I can’t help but wonder about the opposite side of the equation. In other words, art that lacks any intelligible merit is doomed to the netherworld of nonsense. As we all know, that is a closed box that needs no lid—one with nothing there to begin with.

That last pitch may have been right over the plate. "Room service”, as Joe Gradiola used to say.

Nice pitch, David.—PS

kev ferrara said...

I don't see the radicalism in these. They're pretty basic goofs. I don't find myself wondering what is meant by what has been drawn. And more than enough explanatory words are thrown in there to seal the meanings tight as a drum head. If you are seeking to promote the value of vagueness, incomplete thoughts, and the rankly unintelligible in art, I'm not sure where these pieces have a place in the argument.

Regarding your appeal to authority, Wilde's character "Gilbert" in the dialogue/essay you quote from (The Critic As Artist) seems to be putting down both historical painting and illustrations of literary works. I doubt you agree with that.

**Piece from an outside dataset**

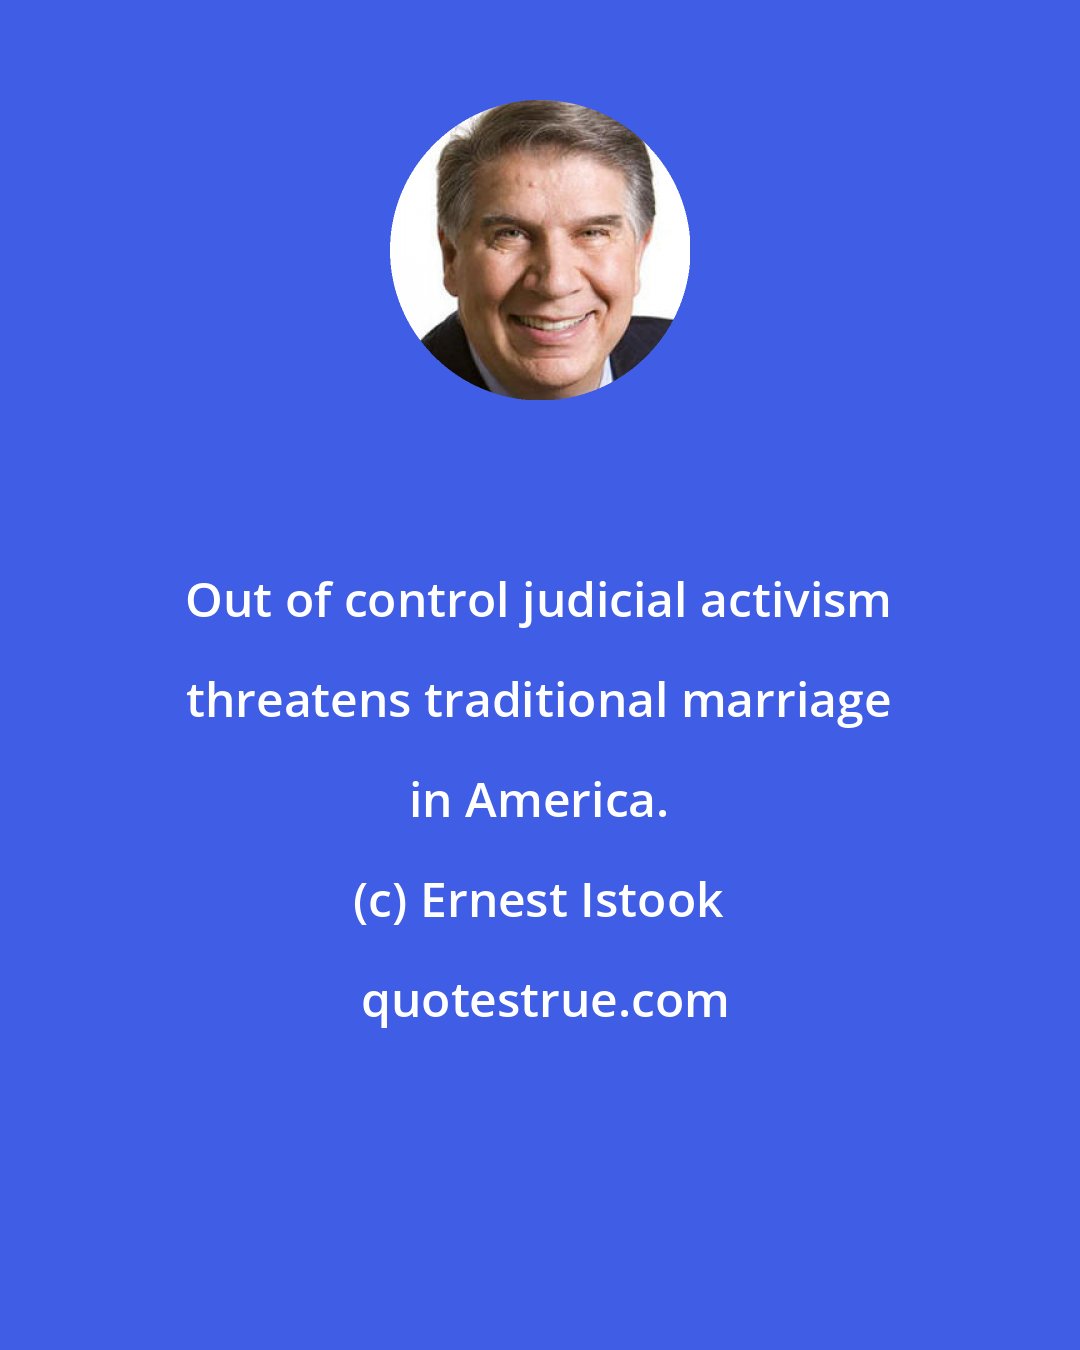 Ernest Istook: Out of control judicial activism threatens traditional marriage in America.

Another point regarding Wilde; Beardsley did some elegant drawings, now world-famous, for Salome that Wilde found "too Japanese." A critique that, to me, couldn't be more indicative of uptight-ness. The idea that these three pieces you've posted would find favor with Wilde because of their supposed "lack of intelligibility" seems preposterous. My presumption is that he would have found them worthless.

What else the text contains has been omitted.